§ RECORDS FOR THE EXERCISE:
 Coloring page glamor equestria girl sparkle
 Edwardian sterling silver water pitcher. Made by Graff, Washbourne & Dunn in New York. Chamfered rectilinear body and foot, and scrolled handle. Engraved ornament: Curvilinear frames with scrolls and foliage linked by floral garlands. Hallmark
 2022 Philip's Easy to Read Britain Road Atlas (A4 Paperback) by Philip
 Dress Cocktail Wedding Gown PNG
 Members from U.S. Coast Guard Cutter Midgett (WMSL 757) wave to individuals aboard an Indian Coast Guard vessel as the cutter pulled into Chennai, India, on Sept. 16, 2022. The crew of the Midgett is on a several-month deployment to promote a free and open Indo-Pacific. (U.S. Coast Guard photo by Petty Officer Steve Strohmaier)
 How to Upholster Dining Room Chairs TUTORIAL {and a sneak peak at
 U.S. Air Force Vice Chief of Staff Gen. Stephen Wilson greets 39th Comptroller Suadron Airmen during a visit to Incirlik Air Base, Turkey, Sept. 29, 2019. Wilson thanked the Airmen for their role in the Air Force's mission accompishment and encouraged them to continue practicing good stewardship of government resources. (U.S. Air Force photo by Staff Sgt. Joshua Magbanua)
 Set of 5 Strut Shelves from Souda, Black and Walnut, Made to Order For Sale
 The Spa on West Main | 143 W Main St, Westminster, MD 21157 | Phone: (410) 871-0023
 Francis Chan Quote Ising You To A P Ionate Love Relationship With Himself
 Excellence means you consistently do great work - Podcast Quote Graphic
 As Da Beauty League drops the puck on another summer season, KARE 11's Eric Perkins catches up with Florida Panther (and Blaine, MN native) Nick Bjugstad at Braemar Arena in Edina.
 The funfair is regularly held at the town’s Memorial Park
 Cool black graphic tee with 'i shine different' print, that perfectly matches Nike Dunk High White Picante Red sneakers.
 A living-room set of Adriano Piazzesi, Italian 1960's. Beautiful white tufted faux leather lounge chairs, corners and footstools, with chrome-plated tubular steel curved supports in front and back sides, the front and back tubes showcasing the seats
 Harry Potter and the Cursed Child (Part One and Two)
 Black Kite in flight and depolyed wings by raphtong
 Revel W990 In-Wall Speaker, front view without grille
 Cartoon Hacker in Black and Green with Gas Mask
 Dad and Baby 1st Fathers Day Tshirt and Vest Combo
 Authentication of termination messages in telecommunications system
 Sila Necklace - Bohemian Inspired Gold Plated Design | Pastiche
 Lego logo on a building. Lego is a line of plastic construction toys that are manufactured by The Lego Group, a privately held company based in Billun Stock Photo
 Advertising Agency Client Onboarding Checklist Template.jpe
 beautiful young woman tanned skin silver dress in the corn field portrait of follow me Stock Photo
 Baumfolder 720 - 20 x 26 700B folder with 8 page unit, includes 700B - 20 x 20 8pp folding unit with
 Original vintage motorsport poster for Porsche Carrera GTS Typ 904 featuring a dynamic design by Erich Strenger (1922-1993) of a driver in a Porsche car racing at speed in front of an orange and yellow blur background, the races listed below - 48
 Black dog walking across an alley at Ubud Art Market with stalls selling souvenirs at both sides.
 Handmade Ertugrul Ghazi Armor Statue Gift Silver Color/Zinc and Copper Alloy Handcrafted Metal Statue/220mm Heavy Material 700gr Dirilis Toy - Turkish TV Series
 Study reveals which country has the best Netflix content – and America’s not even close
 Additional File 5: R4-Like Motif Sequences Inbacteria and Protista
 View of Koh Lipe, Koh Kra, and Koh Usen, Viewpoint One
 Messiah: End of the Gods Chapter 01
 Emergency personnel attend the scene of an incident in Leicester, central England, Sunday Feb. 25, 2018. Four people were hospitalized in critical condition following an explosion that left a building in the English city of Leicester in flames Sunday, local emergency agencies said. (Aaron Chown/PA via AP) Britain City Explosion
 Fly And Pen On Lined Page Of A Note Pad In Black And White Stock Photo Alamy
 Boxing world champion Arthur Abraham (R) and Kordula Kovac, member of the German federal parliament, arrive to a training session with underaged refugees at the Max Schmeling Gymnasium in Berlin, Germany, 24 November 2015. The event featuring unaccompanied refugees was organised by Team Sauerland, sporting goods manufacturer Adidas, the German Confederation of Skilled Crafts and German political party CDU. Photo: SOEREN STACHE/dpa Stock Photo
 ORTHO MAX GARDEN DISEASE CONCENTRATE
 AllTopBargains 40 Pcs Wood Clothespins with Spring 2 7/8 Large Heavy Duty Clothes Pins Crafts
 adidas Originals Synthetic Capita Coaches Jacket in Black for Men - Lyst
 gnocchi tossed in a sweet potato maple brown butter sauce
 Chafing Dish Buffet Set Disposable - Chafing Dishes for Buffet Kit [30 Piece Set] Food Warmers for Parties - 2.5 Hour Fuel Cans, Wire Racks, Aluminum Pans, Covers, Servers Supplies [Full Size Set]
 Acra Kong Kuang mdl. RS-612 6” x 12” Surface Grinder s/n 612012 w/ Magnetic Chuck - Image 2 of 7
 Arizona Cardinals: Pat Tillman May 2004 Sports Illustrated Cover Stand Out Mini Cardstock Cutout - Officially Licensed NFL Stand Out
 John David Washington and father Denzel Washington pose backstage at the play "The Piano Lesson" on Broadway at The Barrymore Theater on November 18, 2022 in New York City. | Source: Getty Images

§ WHAT IS BEING ASKED: Please return all lines above in which the string "sides" is found.

§ WRITTEN ANSWER:
 A living-room set of Adriano Piazzesi, Italian 1960's. Beautiful white tufted faux leather lounge chairs, corners and footstools, with chrome-plated tubular steel curved supports in front and back sides, the front and back tubes showcasing the seats
 Black dog walking across an alley at Ubud Art Market with stalls selling souvenirs at both sides.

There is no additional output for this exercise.